**Description of the task:** Please transcribe the data below in full, word for word, without the images.

**Supplied information:**
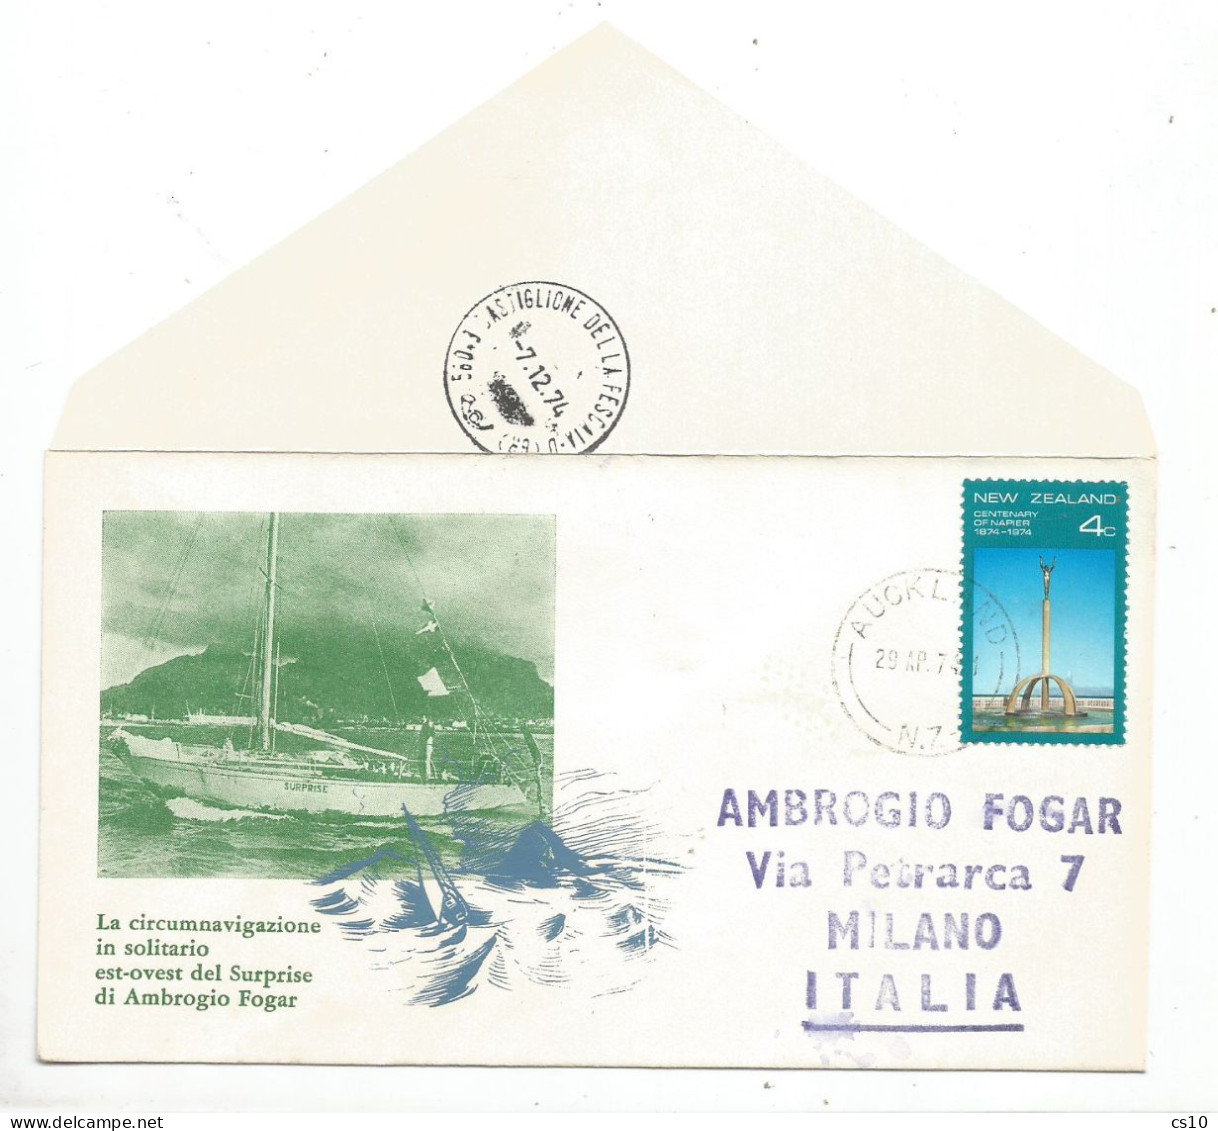 Vela Sailing SOLO Circumnavigation - Ambrogio Fogar On Surprise Yacht - Official CV Auckland 29apr1974 X Italy 7dec74 - Segeln
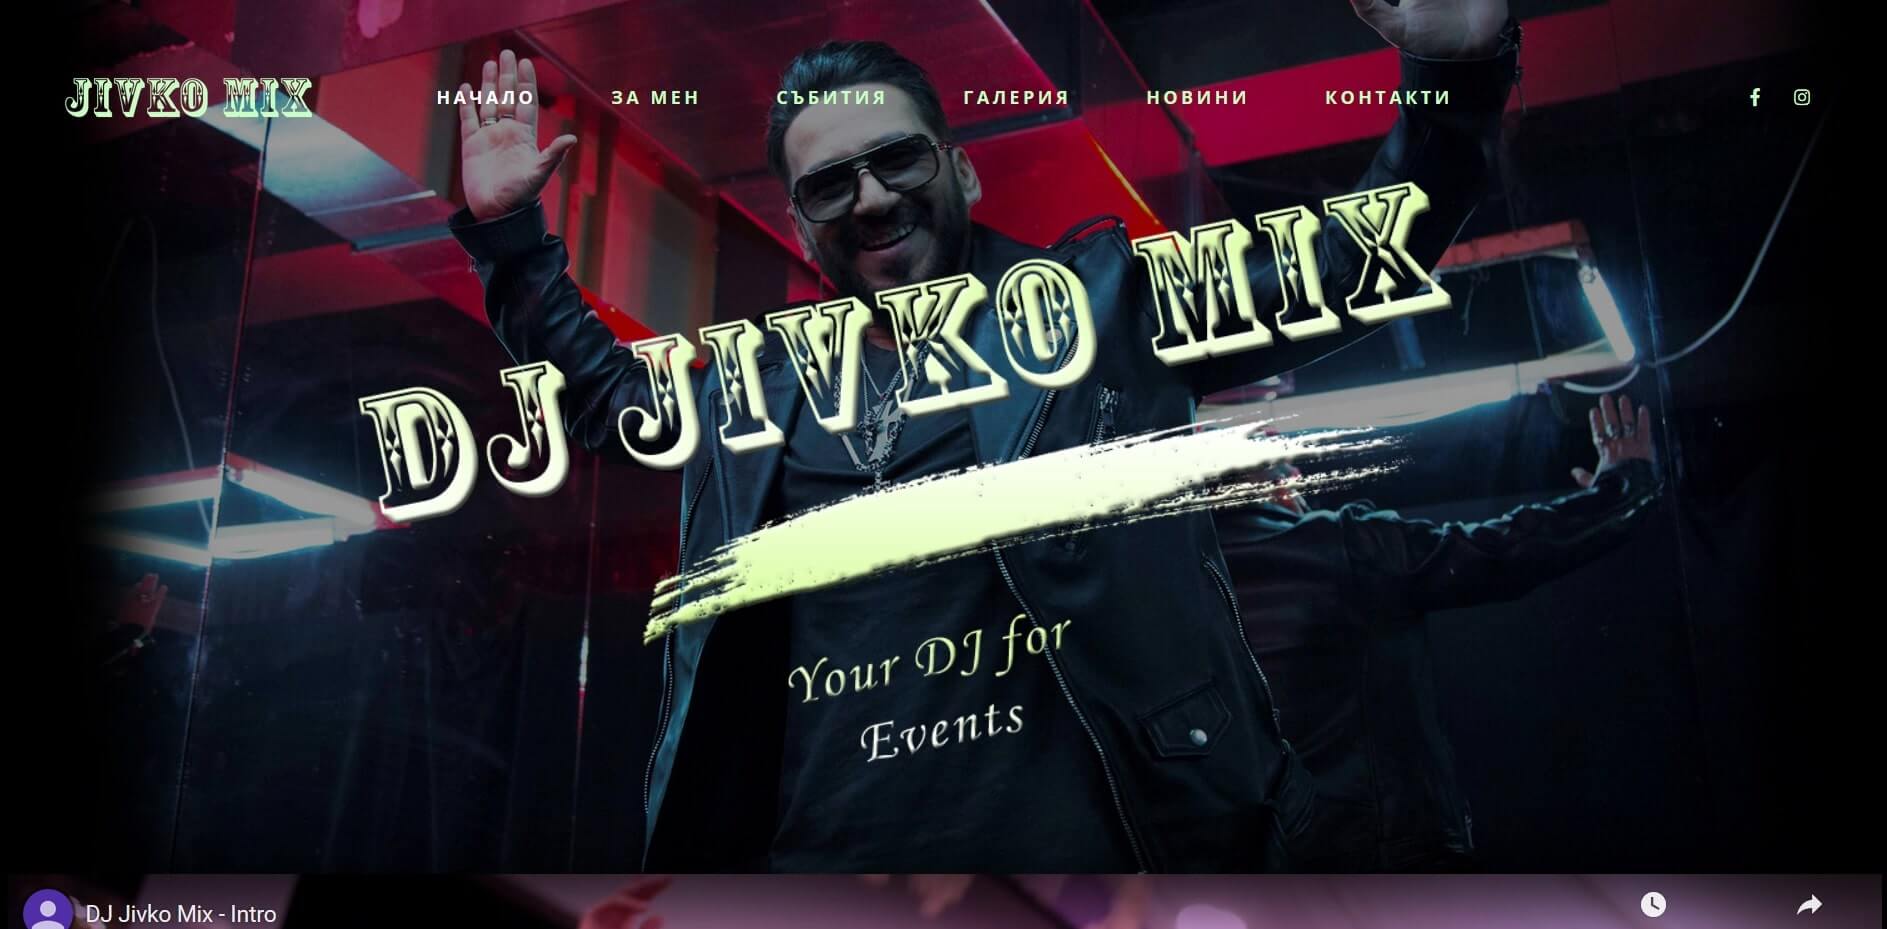 DJ Jivko Mix - DJ for weddings and events
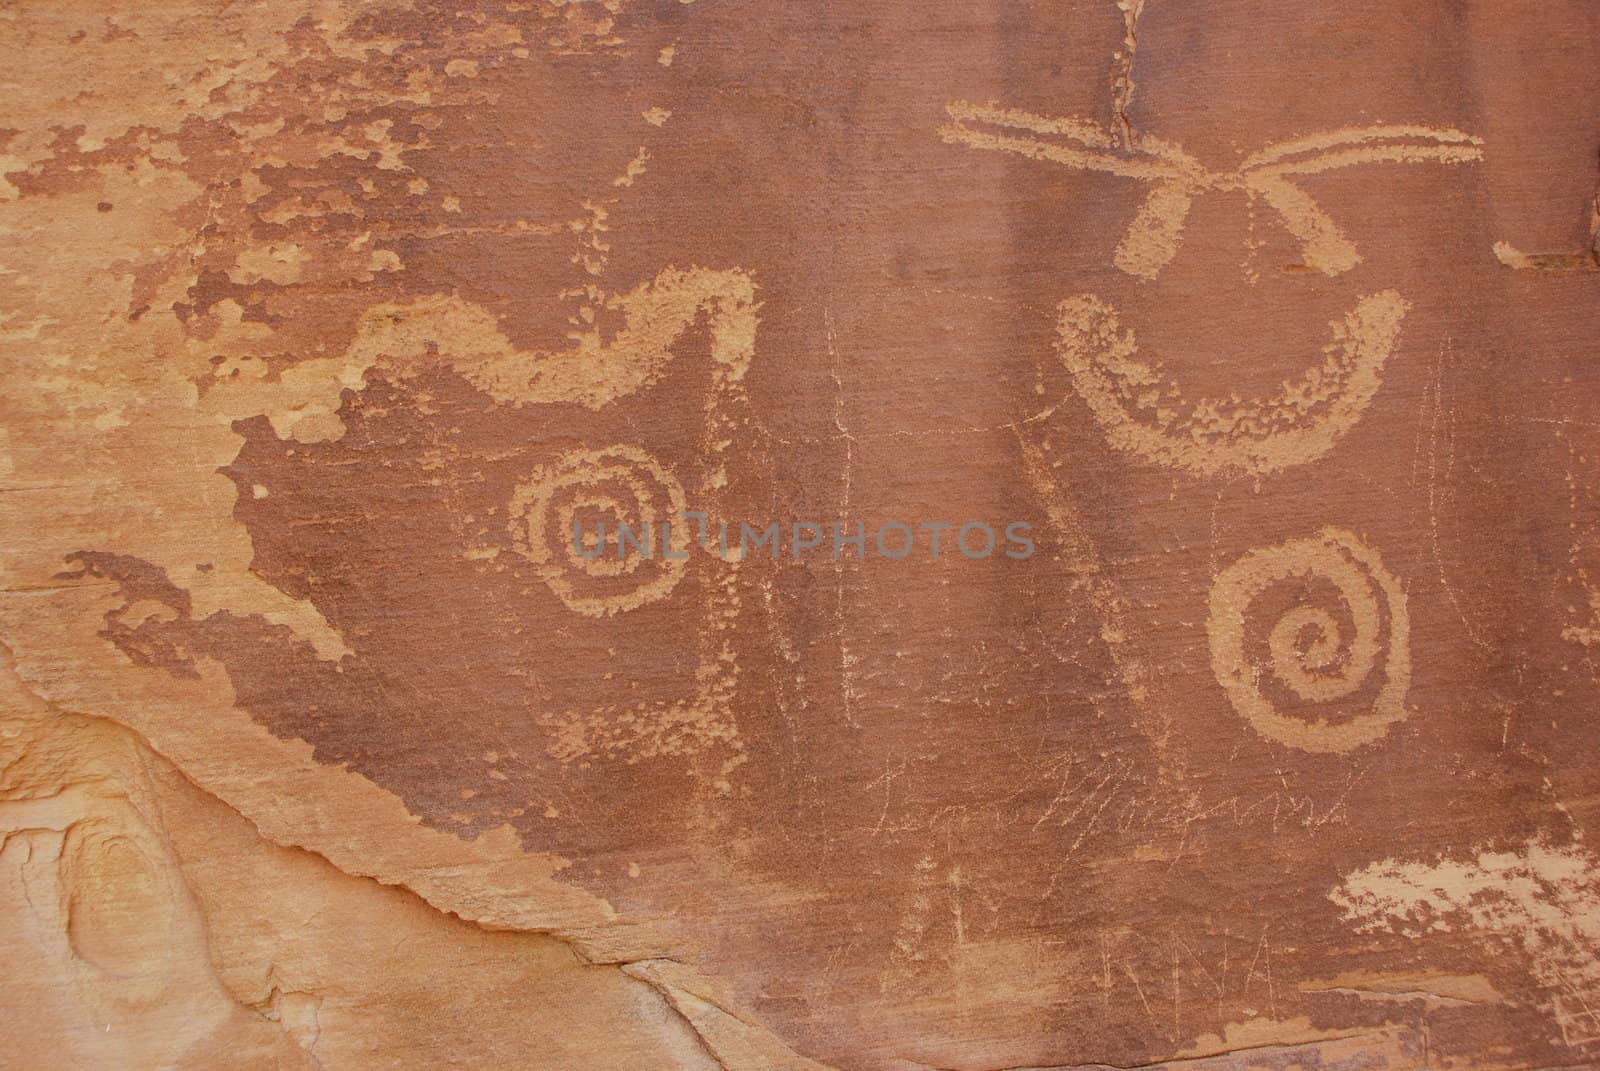 Petroglyphs B by photocdn39
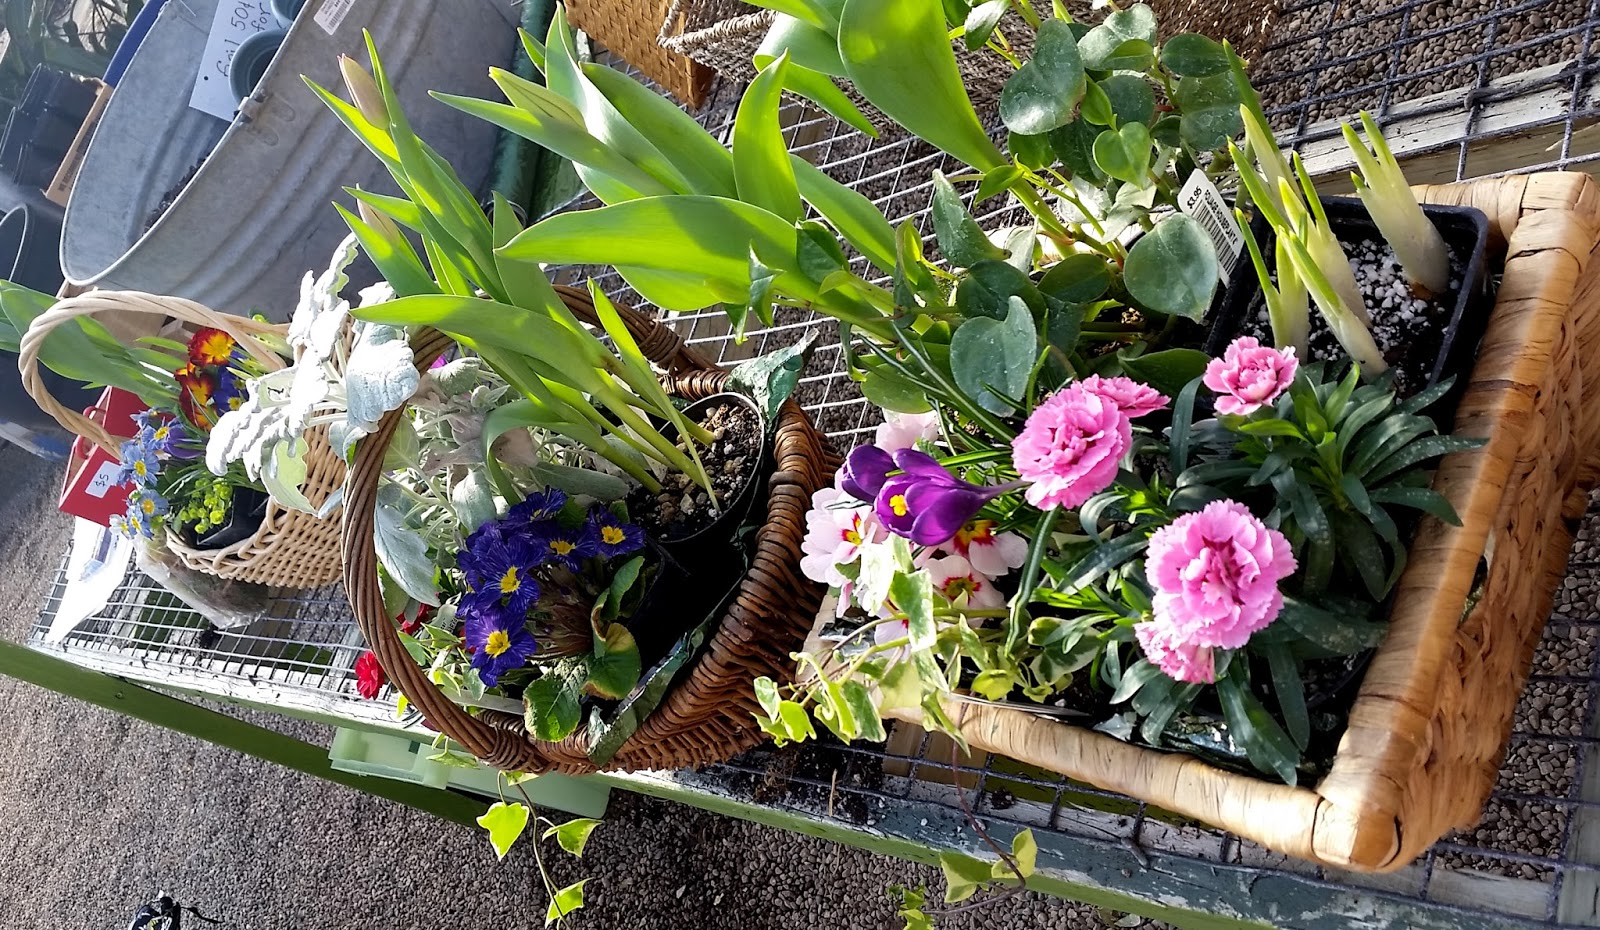 Edward's Greenhouse floral baskets

**Finished exercise:**
 Vela Sailing SOLO Circumnavigation - Ambrogio Fogar On Surprise Yacht - Official CV Auckland 29apr1974 X Italy 7dec74 - Segeln
 DJ Jivko Mix - DJ for weddings and events
 Petroglyphs B by photocdn39
 Edward's Greenhouse floral baskets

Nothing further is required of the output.